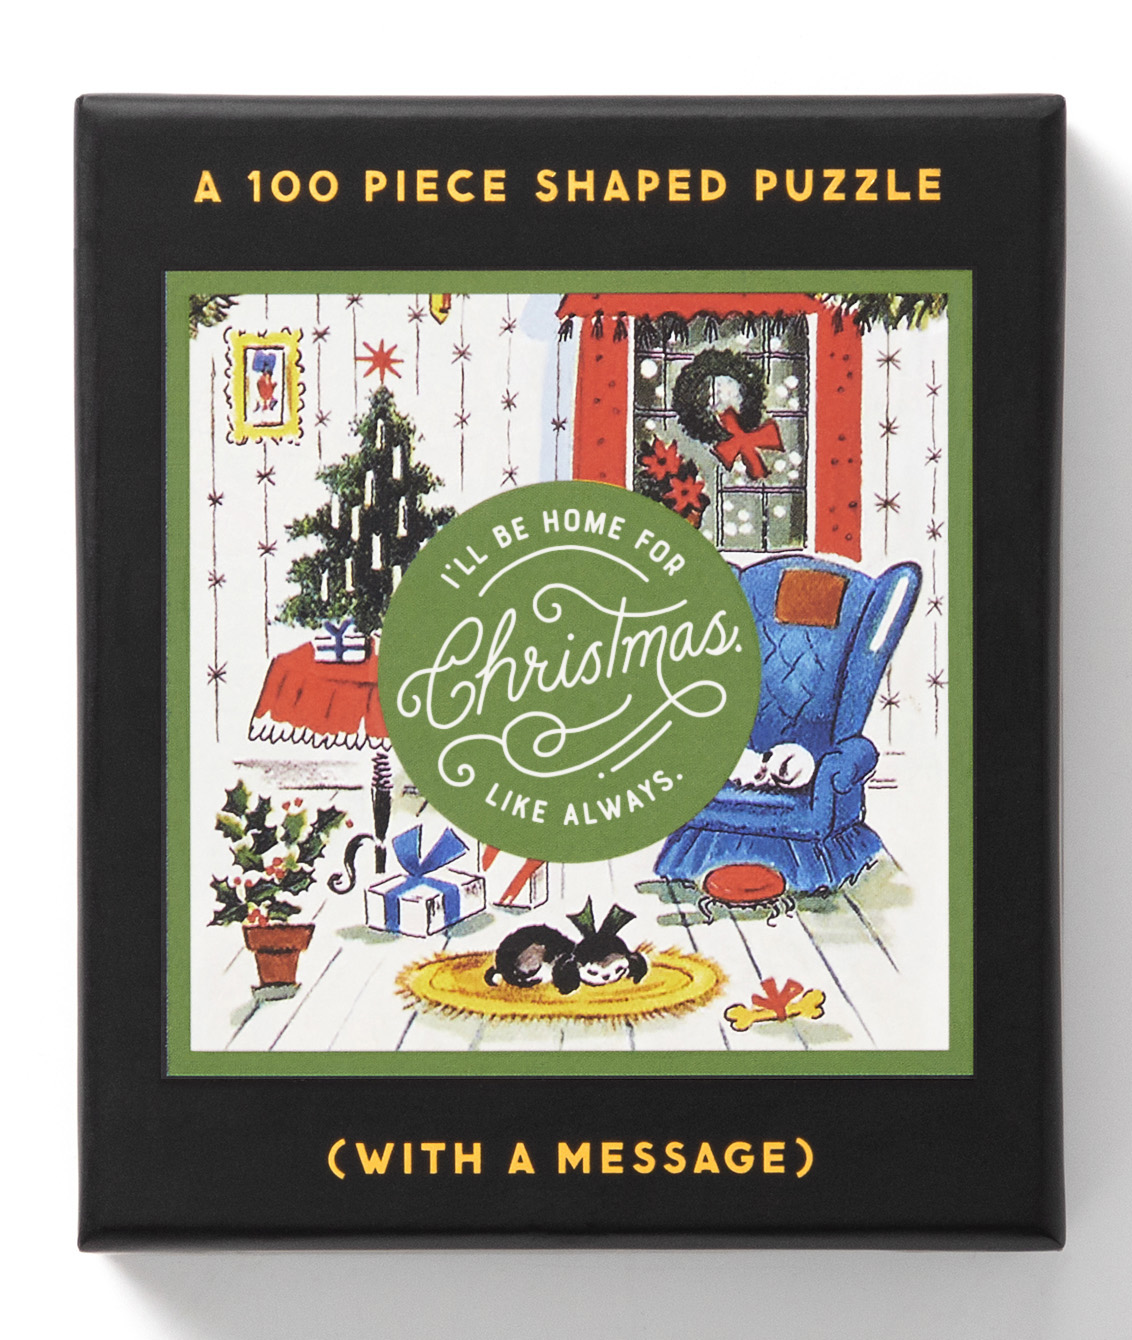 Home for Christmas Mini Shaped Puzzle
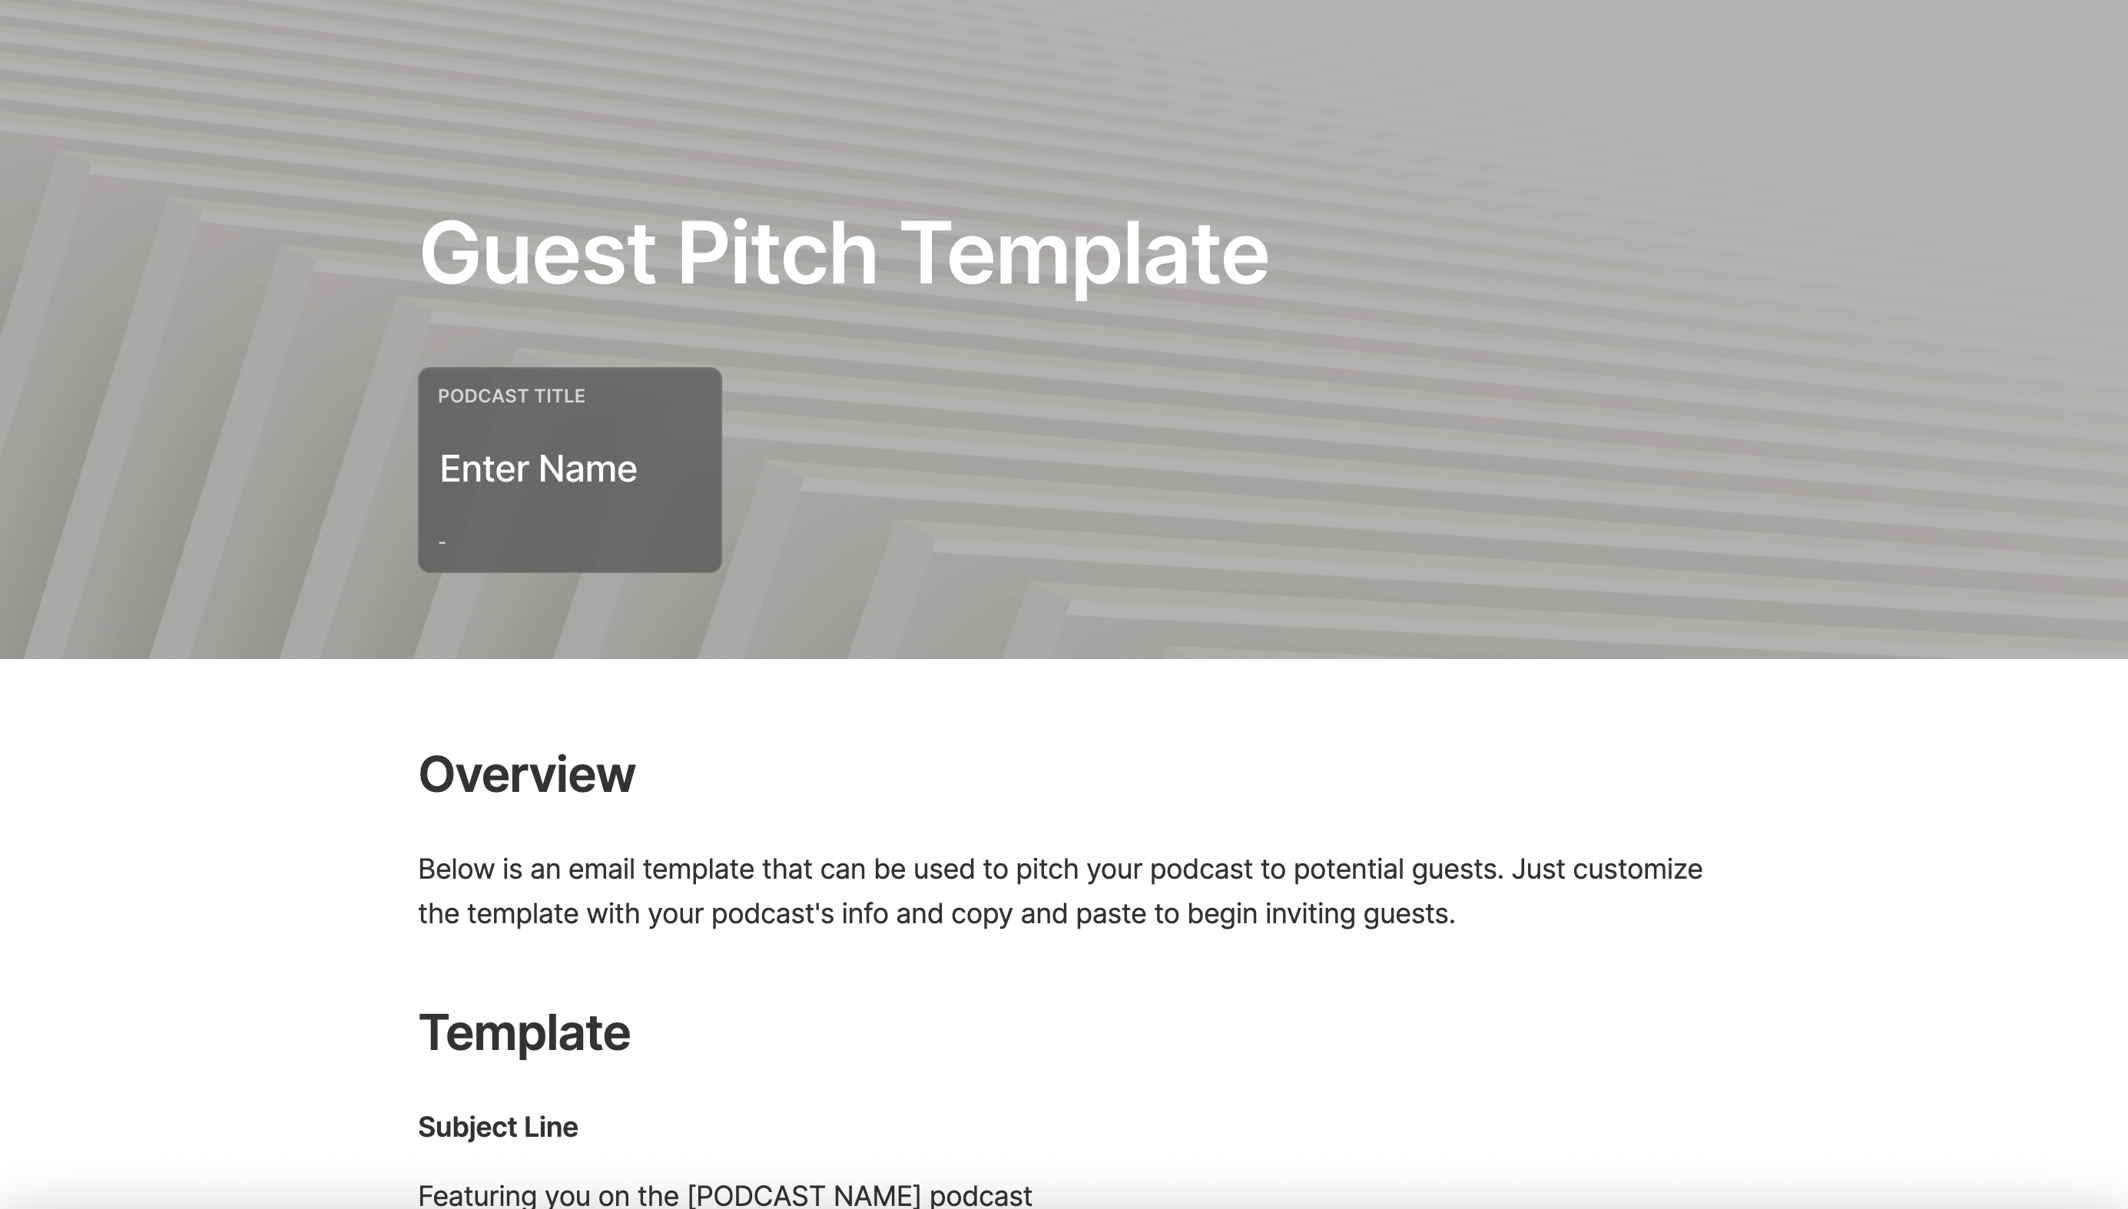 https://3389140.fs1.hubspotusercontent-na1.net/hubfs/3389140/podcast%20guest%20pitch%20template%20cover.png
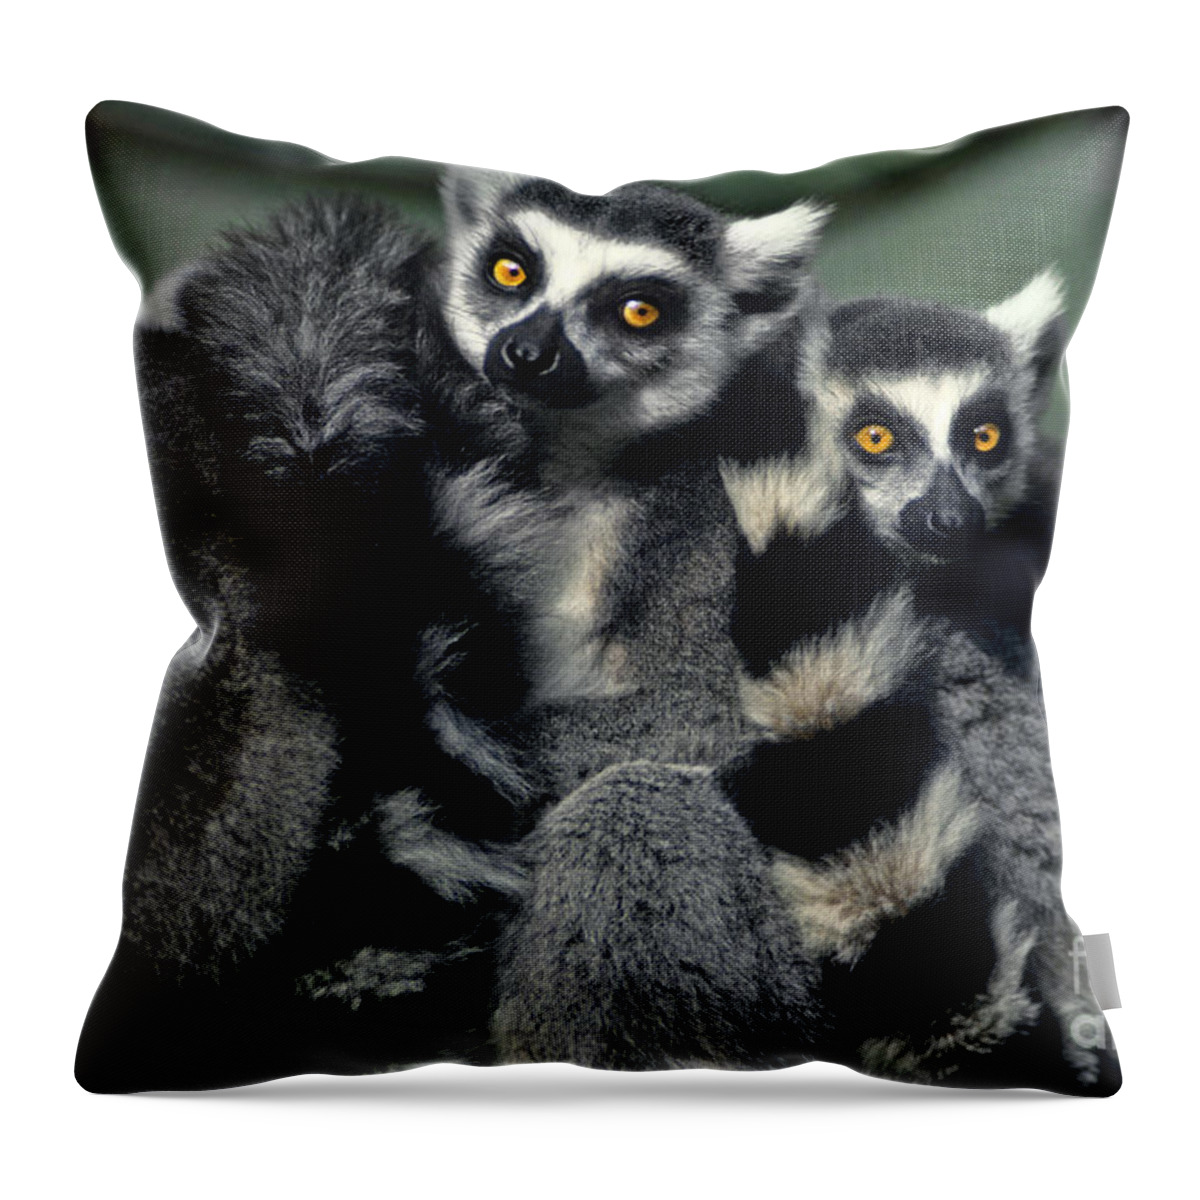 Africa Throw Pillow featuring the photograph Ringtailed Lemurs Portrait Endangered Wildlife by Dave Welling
++++++++
_What you are asked to do_
The whole listing should be reproduced exactly. Images don't go in.

_Response area_
 Home for Christmas Mini Shaped Puzzle
 https://3389140.fs1.hubspotusercontent-na1.net/hubfs/3389140/podcast%20guest%20pitch%20template%20cover.png
 Africa Throw Pillow featuring the photograph Ringtailed Lemurs Portrait Endangered Wildlife by Dave Welling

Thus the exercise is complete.